> What to do
The answer must be every line of the data that holds the word "chest".

> Extracted data
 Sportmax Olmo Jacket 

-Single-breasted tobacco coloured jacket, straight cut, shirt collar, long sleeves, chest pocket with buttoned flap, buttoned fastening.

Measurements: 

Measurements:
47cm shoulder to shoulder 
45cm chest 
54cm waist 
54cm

...

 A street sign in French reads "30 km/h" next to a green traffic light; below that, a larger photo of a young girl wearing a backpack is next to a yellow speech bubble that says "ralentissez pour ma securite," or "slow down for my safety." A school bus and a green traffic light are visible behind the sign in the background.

* * *

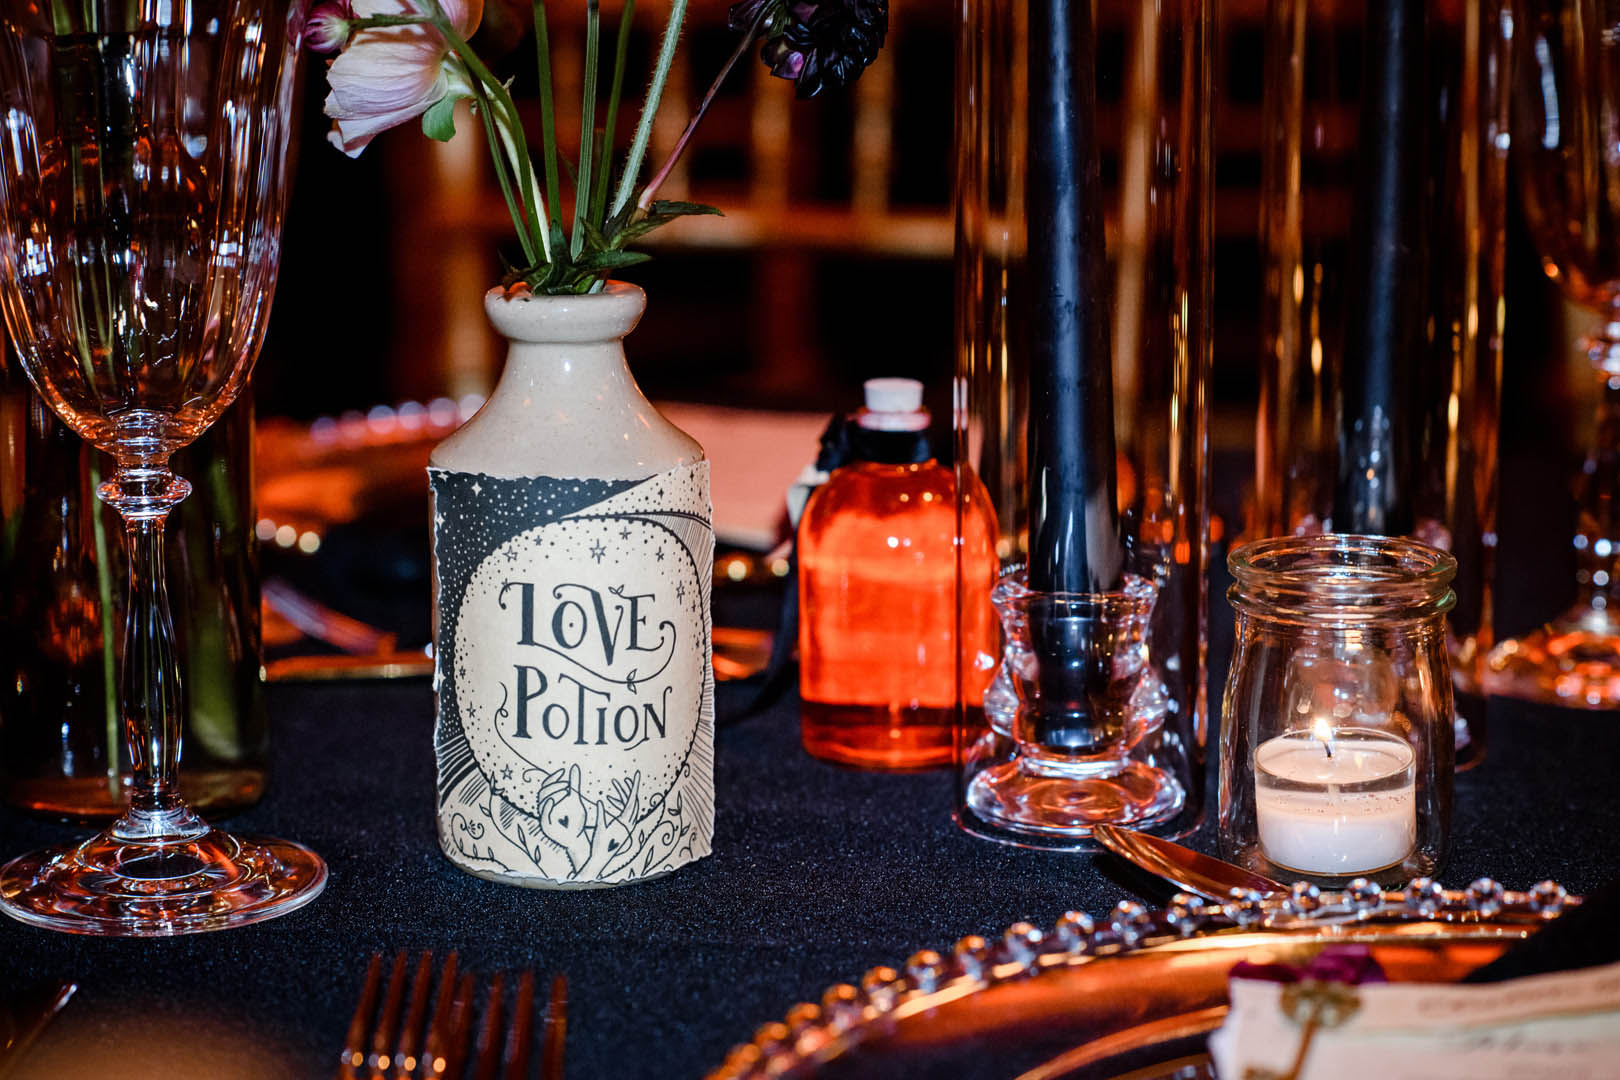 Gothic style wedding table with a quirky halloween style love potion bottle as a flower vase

> Task answer
-Single-breasted tobacco coloured jacket, straight cut, shirt collar, long sleeves, chest pocket with buttoned flap, buttoned fastening.
45cm chest 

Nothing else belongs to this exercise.